Solution: Modal class $= 20–30$ (highest $f = 15$).
$L = 20$, $f_1 = 15$, $f_0 = 10$, $f_2 = 8$, $i = 10$
$$M_o = 20 + \frac{15-10}{2(15)-10-8} \times 10 = 20 + \frac{5}{12} \times 10 = 20 + 4.17 = \mathbf{24.17}$$

iii. Daily wages (Rs. hundreds):

Daily Wages (Rs. hundreds)	100–200	200–300	300–400	400–500	500–600
No. of Families ($f$)	5	9	12	15	13

Solution: Modal class $= 400–500$ (highest $f = 15$).
$L = 400$, $f_1 = 15$, $f_0 = 12$, $f_2 = 13$, $i = 100$
$$M_o = 400 + \frac{15-12}{2(15)-12-13} \times 100 = 400 + \frac{3}{5} \times 100 = 400 + 60 = \mathbf{460}$$ Therefore, Mode $= \mathbf{Rs.\ 460}$ (hundred).

iv. Marks series:

Marks	0–5	5–10	10–15	15–20	20–25	25–30
Frequency ($f$)	8	10	10	6	12	5

Solution: Modal class $= 20–25$ (highest $f = 12$).
$L = 20$, $f_1 = 12$, $f_0 = 6$, $f_2 = 5$, $i = 5$
$$M_o = 20 + \frac{12-6}{2(12)-6-5} \times 5 = 20 + \frac{6}{13} \times 5 = 20 + 2.31 = \mathbf{22.31}$$

v.
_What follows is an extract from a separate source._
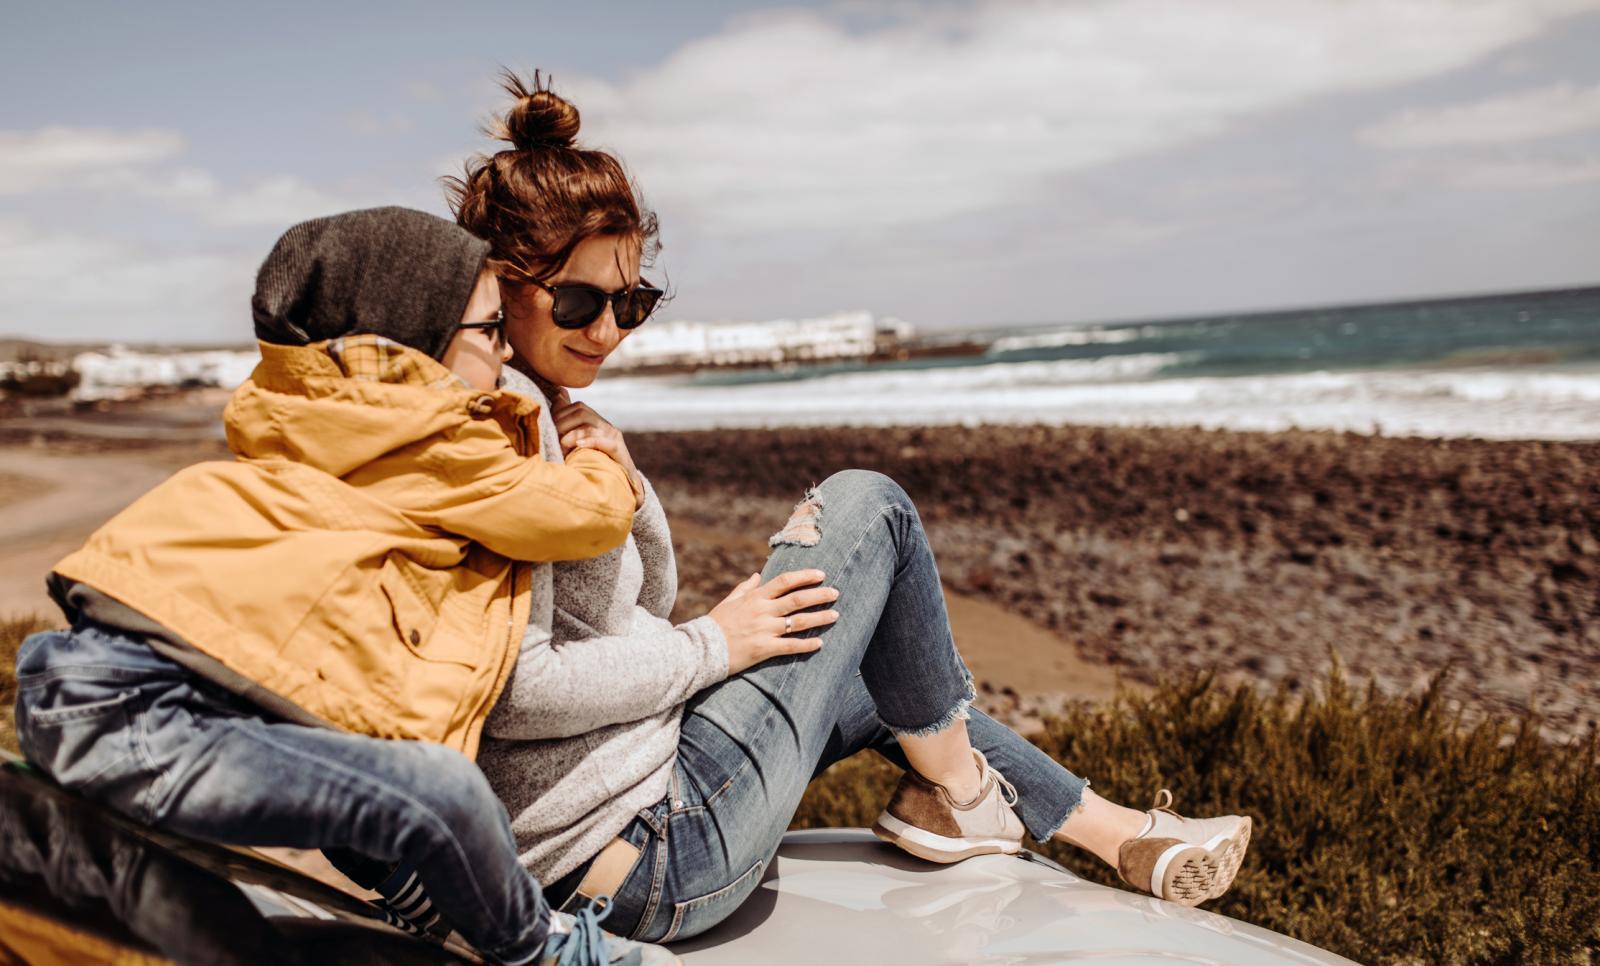 'Znam da je majčinstvo naporno i da većina nas radi najbolje što može. Razlog zašto pišem ovaj tekst nije da pokažem kako bi trebalo, nego da ponudim temu za razmišljanje.'

Wages (Rs. hundreds):

Wages (Rs. hundreds)	100–200	200–300	300–400	400–500	500–600
No. of Families ($f$)	5	6	12	7	2

Solution: Modal class $= 300–400$ (highest $f = 12$).
$L = 300$, $f_1 = 12$, $f_0 = 6$, $f_2 = 7$, $i = 100$
$$M_o = 300 + \frac{12-6}{2(12)-6-7} \times 100 = 300 + \frac{6}{11} \times 100 = 300 + 54.55 = \mathbf{354.55}$$ Therefore, Mode wages $= \mathbf{Rs.\ 354.55}$ (hundred).